Deze vis heeft veel ruimte nodig, omdat hij erg groot wordt en heel actief is. Een aquarium van minimaal 2 meter is ideaal voor deze soort. In een aquarium van die grootte kan een koppel of een trio zonder problemen worden gehouden. S. caquetae verstopt zich zelden, maar er zouden toch mogelijkheden moeten zijn om zich te verstoppen, omdat ze behoorlijk territoriaal kunnen zijn tegenover soortgenoten. De nacht wordt meestal ondersteboven op een platte rots doorgebracht. Daarom is een constructie van lange, platte stenen, met gaten ertussen, de perfecte plek om te rusten en te kweken. Ze zijn niet kieskeurig met de ondergrond, dus alles van fijn zand tot grof grind kan worden gebruikt voor de ondergrond. S. caquetae geniet van een stroming met zuurstof in het aquarium. Een goede filtratie is noodzakelijk, omdat deze soort non-stop eet.
Omdat dit een dag-actieve soort is, houden ze van natuurlijk licht in het aquarium. De temperatuur van het water moet rond de 25 - 27 °C zijn.

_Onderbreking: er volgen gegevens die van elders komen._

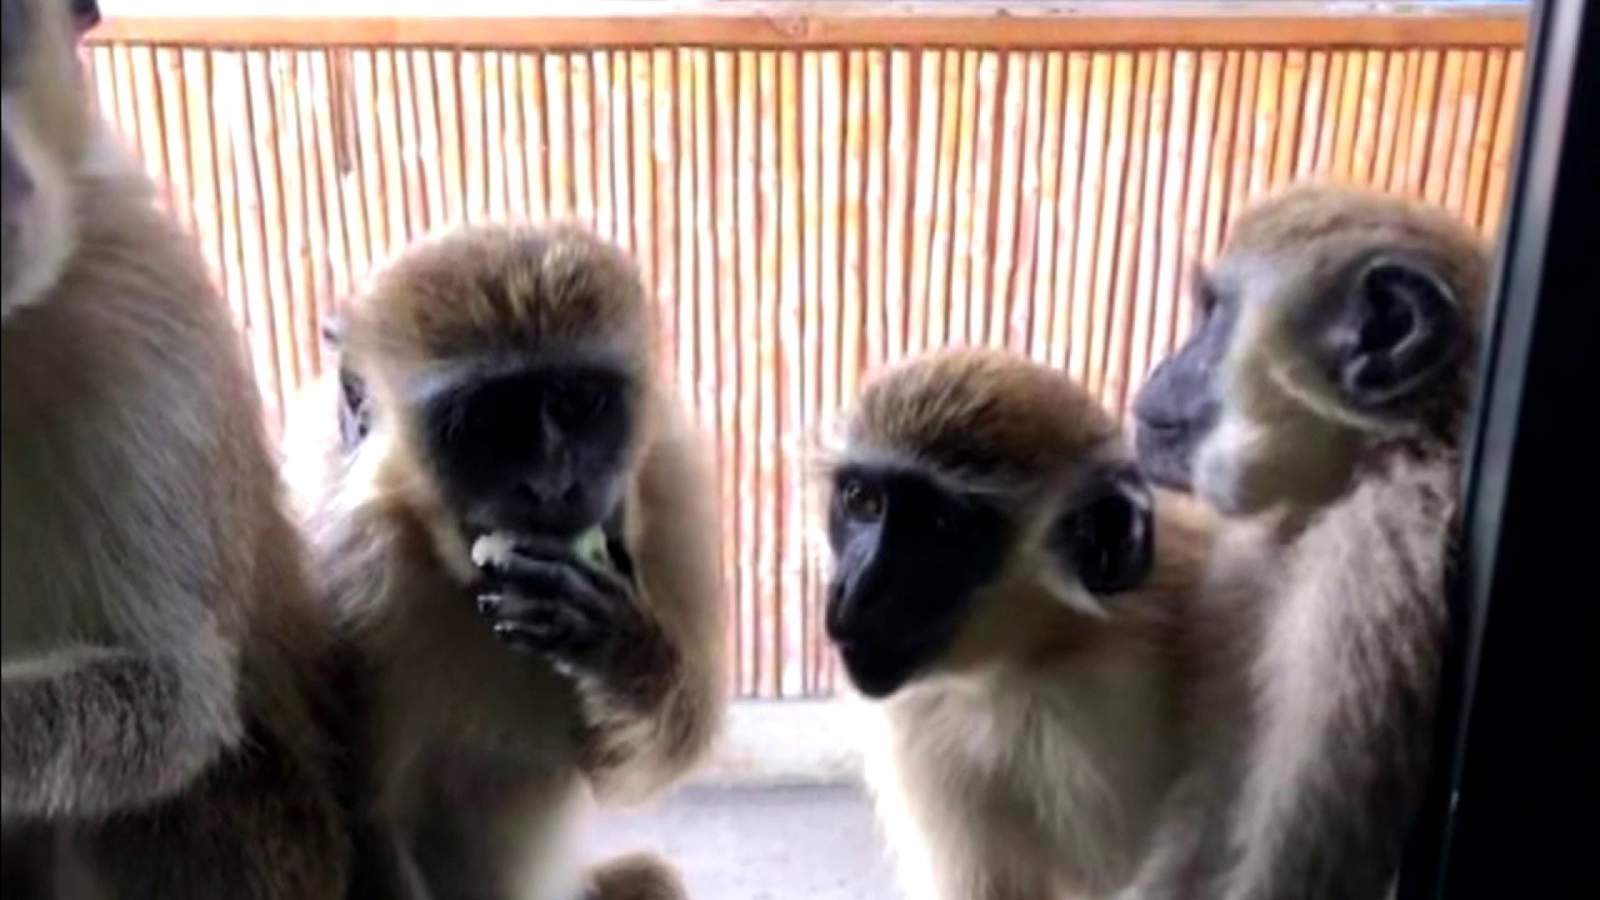 Colony of ‘friendly’ wild vervet monkeys grows near Florida airport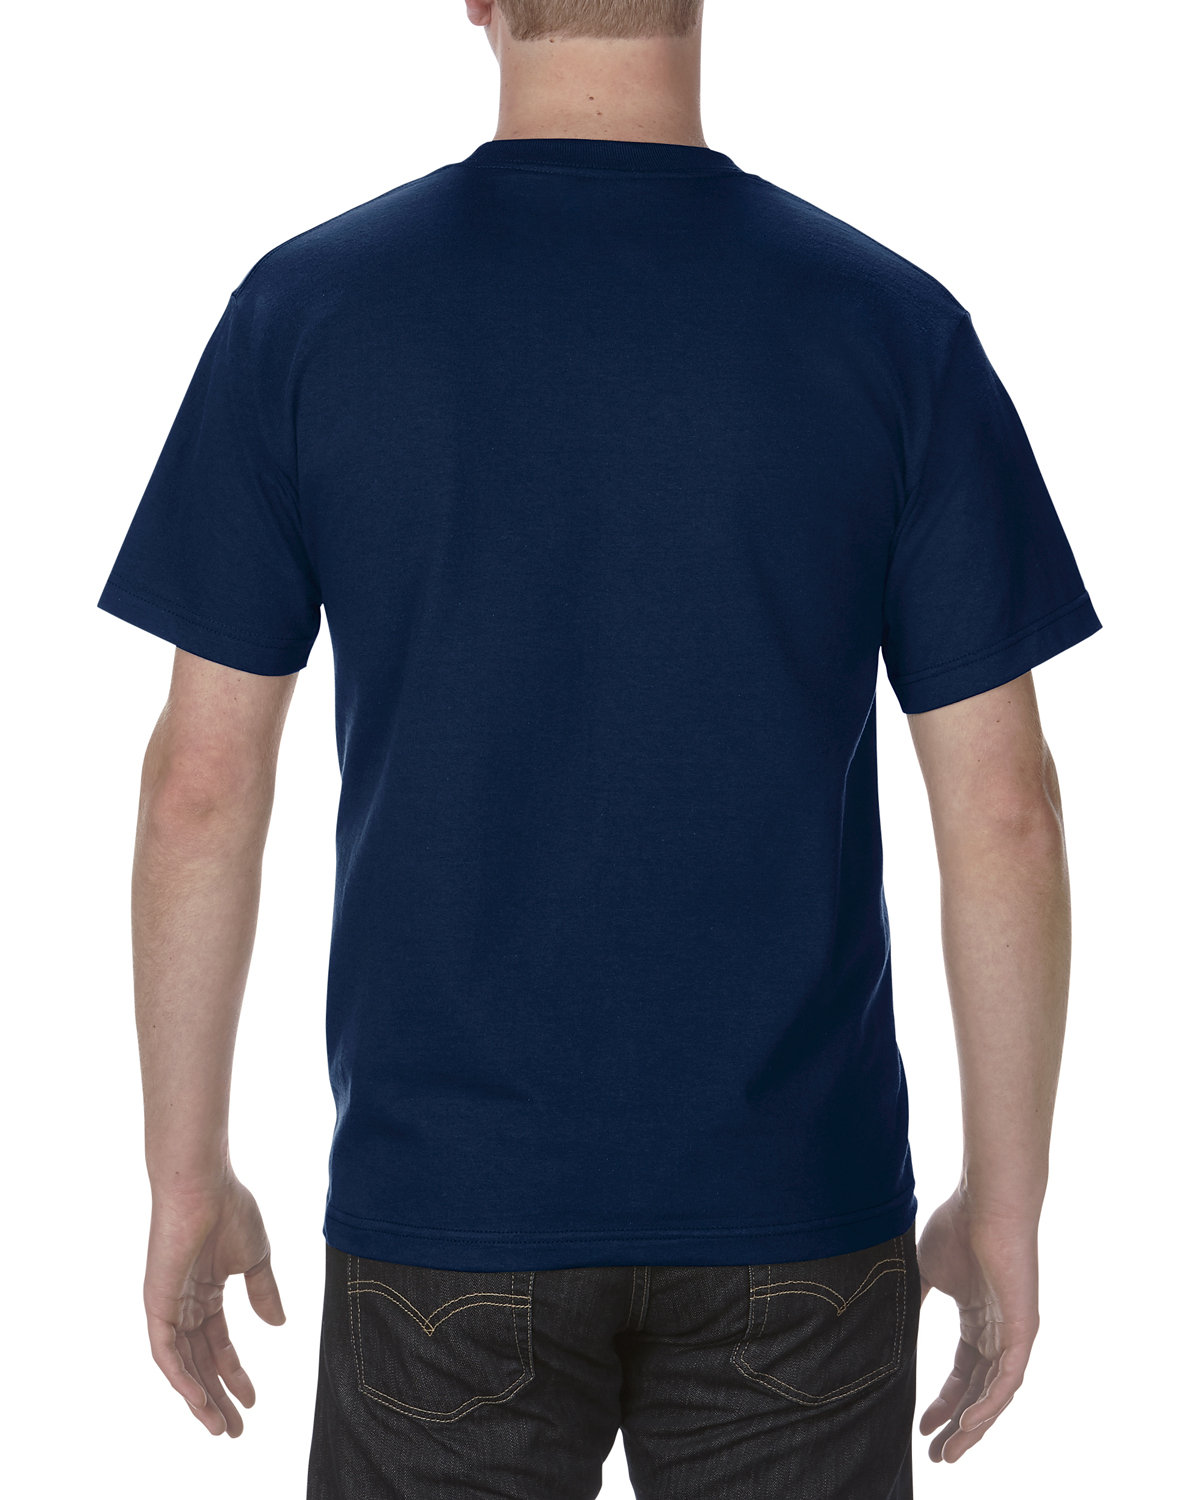 American Apparel Unisex Heavyweight Cotton T-Shirt | alphabroder Canada

Het geslacht van Spatuloricaria caquetae is vrij eenvoudig te bepalen, aangezien er sprake is van een groot seksueel dimorfisme.
Hoewel ze dezelfde grootte en kleur hebben, zijn mannen makkelijk te herkennen aan het bredere hoofd en de puntige odontodes aan de zijkant van het hoofd en de harde stralen van de borstvinnen.
De vrouwtjes hebben helemaal geen baard en hebben een veel puntiger hoofd dan mannetjes, wat van bovenaf goed zichtbaar is.
Wanneer Spatuloricaria caquetae mannen in het broedseizoen komen, beginnen ze een plek schoon te maken om te paaien. Dit gebeurt naar verluidt op een glad stenen oppervlak. Zodra de broedplaats schoon is, probeert het een vrouwtje naar de paaiplaats te duwen.
Er wordt gemeld dat vrij grote eieren aan het stenen oppervlak worden bevestigd, terwijl de man ze bevrucht. Alleen met de juiste waterparameters blijven de eieren aan het substraat vastzitten. Het mannetje bewaakt de eieren vervolgens totdat er larven uitkomen.
Exacte parameters en incubatietijden zijn ons helaas niet bekend, aangezien deze soort bijna nooit in gevangenschap wordt gekweekt.